Global Positioning System (GPS)
The Global Positioning System (GPS) was developed by the Department of Defense to provide a reliable and accurate positioning system for mobile military platforms operating around the world. The widespread use of GPS has led to inexpensive GPS receivers that are now available for commercial use.
GPS satellites follow a circular orbit about 20,000 kilometers above the center of the Earth. Because of the long distances involved, the power of the ranging signals transmitted by the satellites is significantly reduced by the time the signal reaches the GPS receiver. For this reason, GPS receivers have difficulty operating in heavily wooded areas and inside buildings.
Metron is currently working with the Space and Naval Warfare Systems Center and the GPS Joint Program Office to develop algorithms that integrate GPS signals with ranging signals from other radiolocation networks.
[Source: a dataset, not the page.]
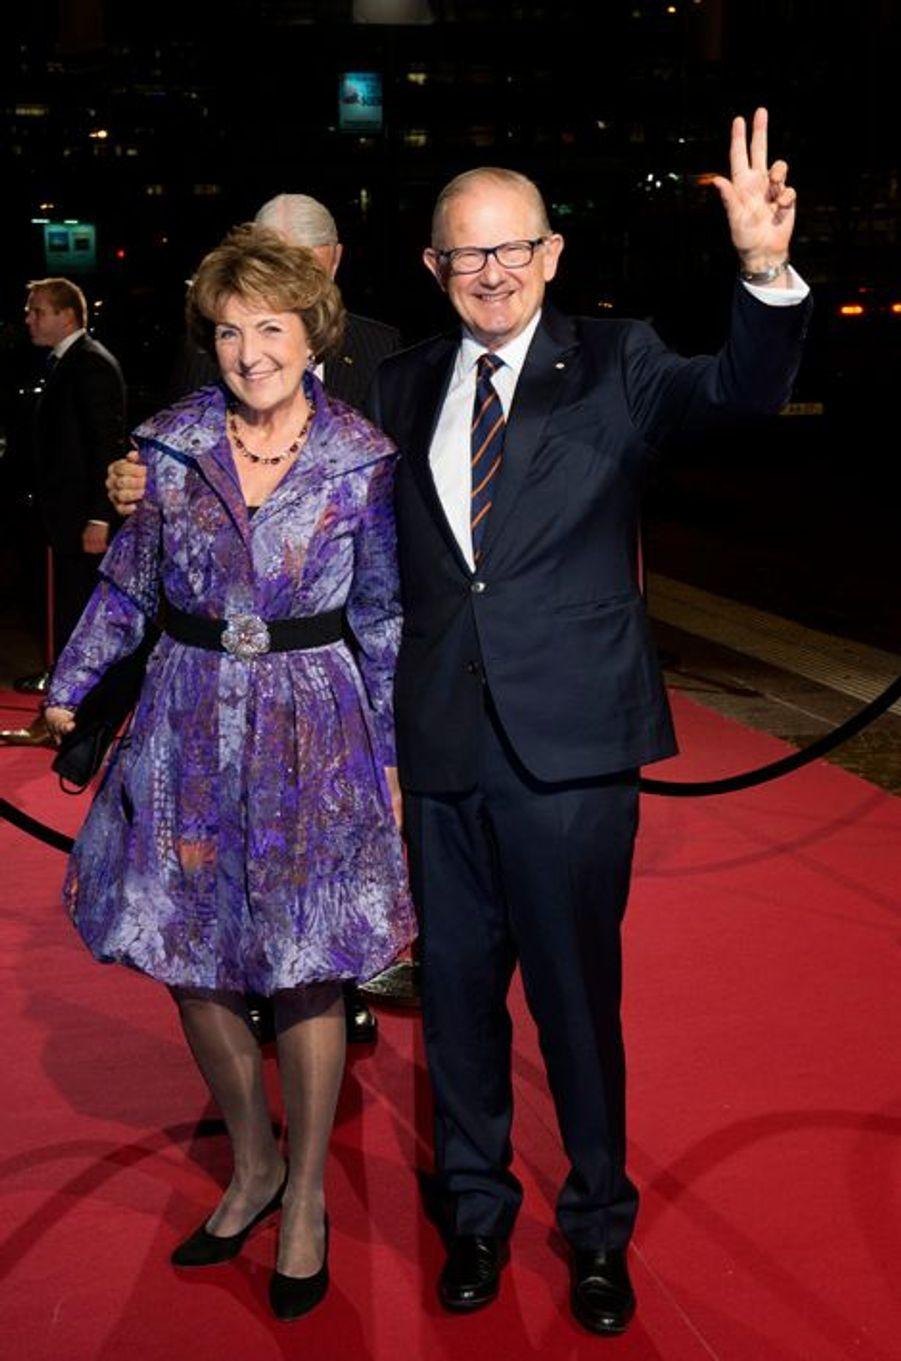 La princesse Margriet et Pieter Van Vollenhoven au théâtre Beatrix d'Utrecht, le 8 décembre 2014
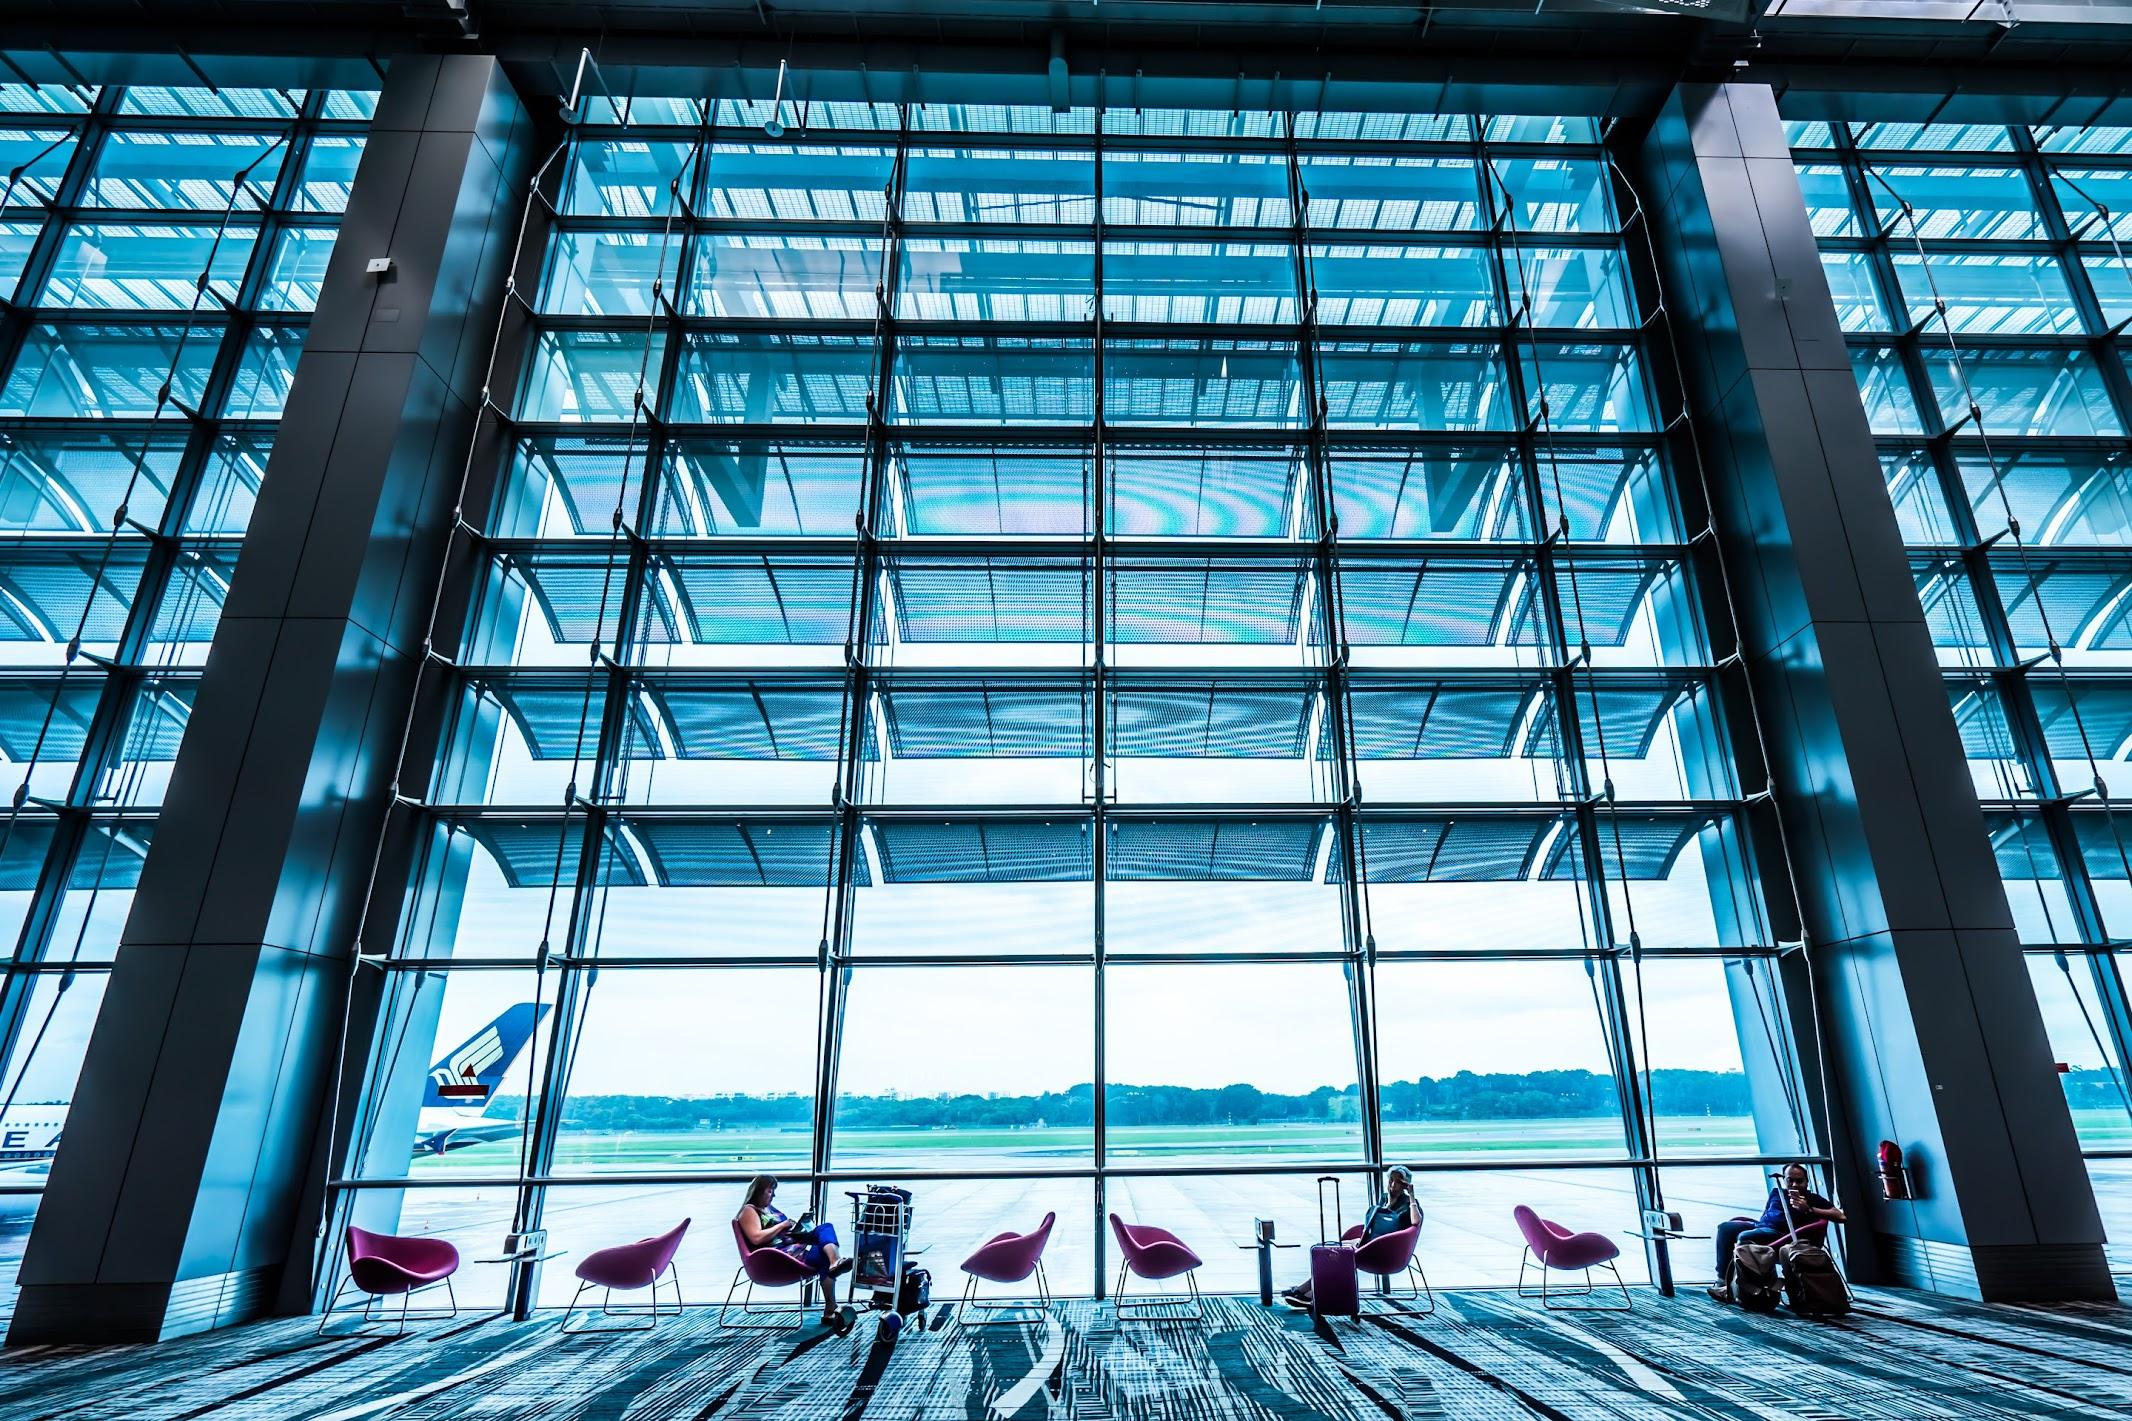 シンガポール チャンギ空港3

The integrated navigation system will be less susceptible to interference and line-of-sight visibility constraints because ranging data is collected from multiple sources.
The Department of Defense has developed several other radiolocation systems in addition to GPS. These systems are typically used in small areas and do not provide global coverage. However, they do provide a secondary source of position information that can be used to improve the performance of GPS.
Metron uses a small network of five GPS receivers for field testing and algorithm development. Handheld computers are attached to each GPS receiver so that data can be recorded for analysis. Embedded radio transceivers in each handheld computer allow position information to be transmitted between network nodes.